Despite this limitation, the study documents drug resistance-associated mutation patterns of Kenyan NTM for the first time, and advocates for drug resistance testing before commencement of treatment for NTM infection.

Ethical clearance

This study was approved by the Kenyatta National Hospital-University of Nairobi Ethics Review Committee (Ref: KNH-ERC/A/38) on 30 ^th January 2020. Waiver for individual informed consent was granted as the study utilized remnant clinical samples and the research posed no greater than minimal risk to the study subjects.

Data availability

Figshare. Mutation Patterns of Resistance Genes for Macrolides, Aminoglycosides, and Rifampicin in Non‐tuberculous Mycobacteria Isolates from Kenya. DOI: https://doi.org/10.6084/m9.figshare.20331378.v2 ( Mwangi et al., 2022b).

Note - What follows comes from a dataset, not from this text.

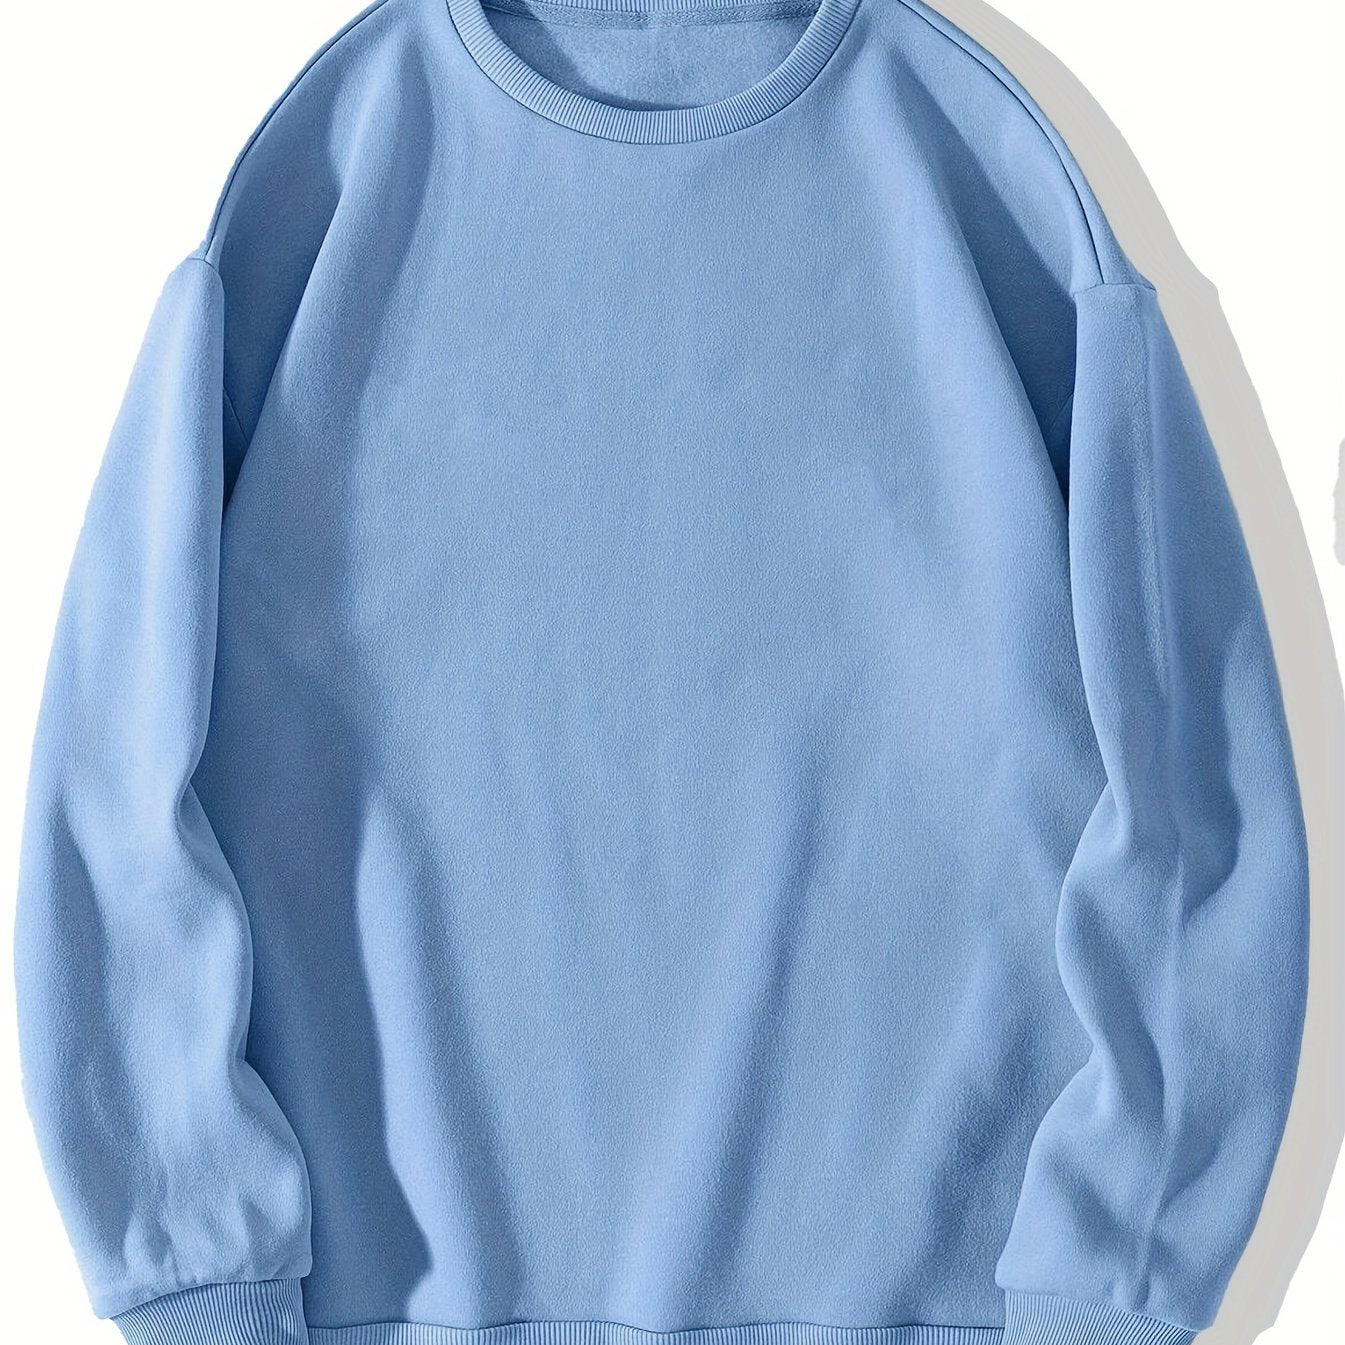 Trendy Solid Sweatshirt, Men's Casual Basic Crew Neck Pullover Sweatshirt For Men Fall Winter
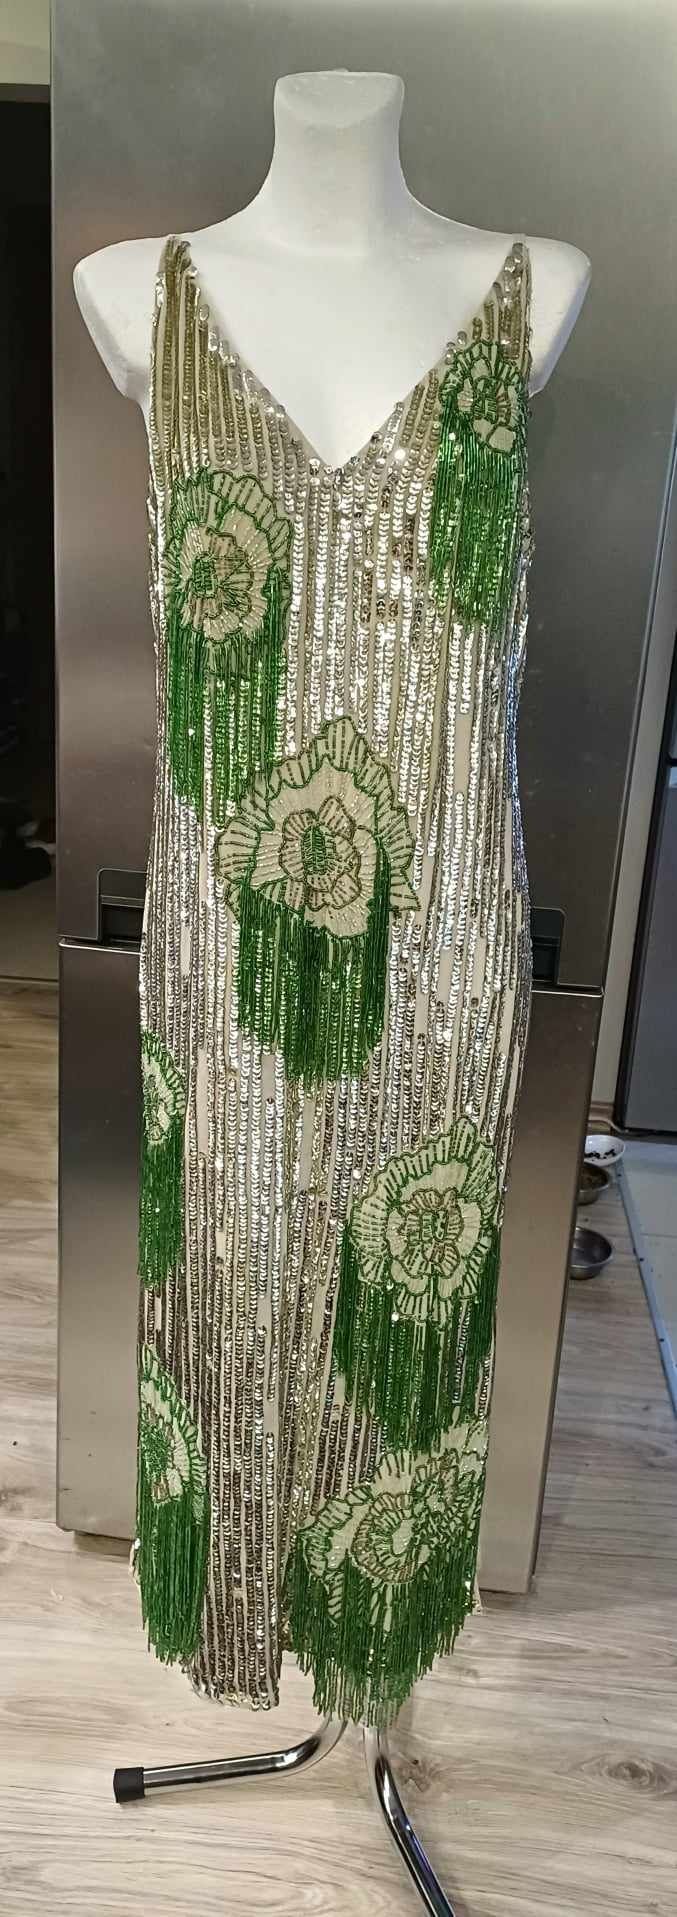 Zjawiskowa suknia Asos srebrno zielona  rozmiar 42

This project contains the following underlying data:

• -Mutation patterns for rrl, rrs, and rpoB genes in NTM

Data are available under the terms of the Creative Commons Attribution 4.0 International license (CC-BY 4.0).

Author contributions

ZMM - Conceptualization, Data Curation, Formal Analysis, Funding Acquisition, Investigation, Methodology, Writing – Original Draft Preparation, Writing – Review & Editing

GN - Investigation, Writing – Review & Editing

MWM - Supervision, Writing- Review and Editing

FGO - Conceptualization, Methodology, Supervision, Writing- Review and Editing

WDB - Conceptualization, Methodology, Supervision, Writing- Review and Editing

Funding Statement

This work was supported by the Meru University of Science and Technology 6th call for proposals awarded to Zakayo M Mwangi. The content is solely the responsibility of the authors and does not represent the views of the funders.

The funders had no role in study design, data collection and analysis, decision to publish, or preparation of the manuscript.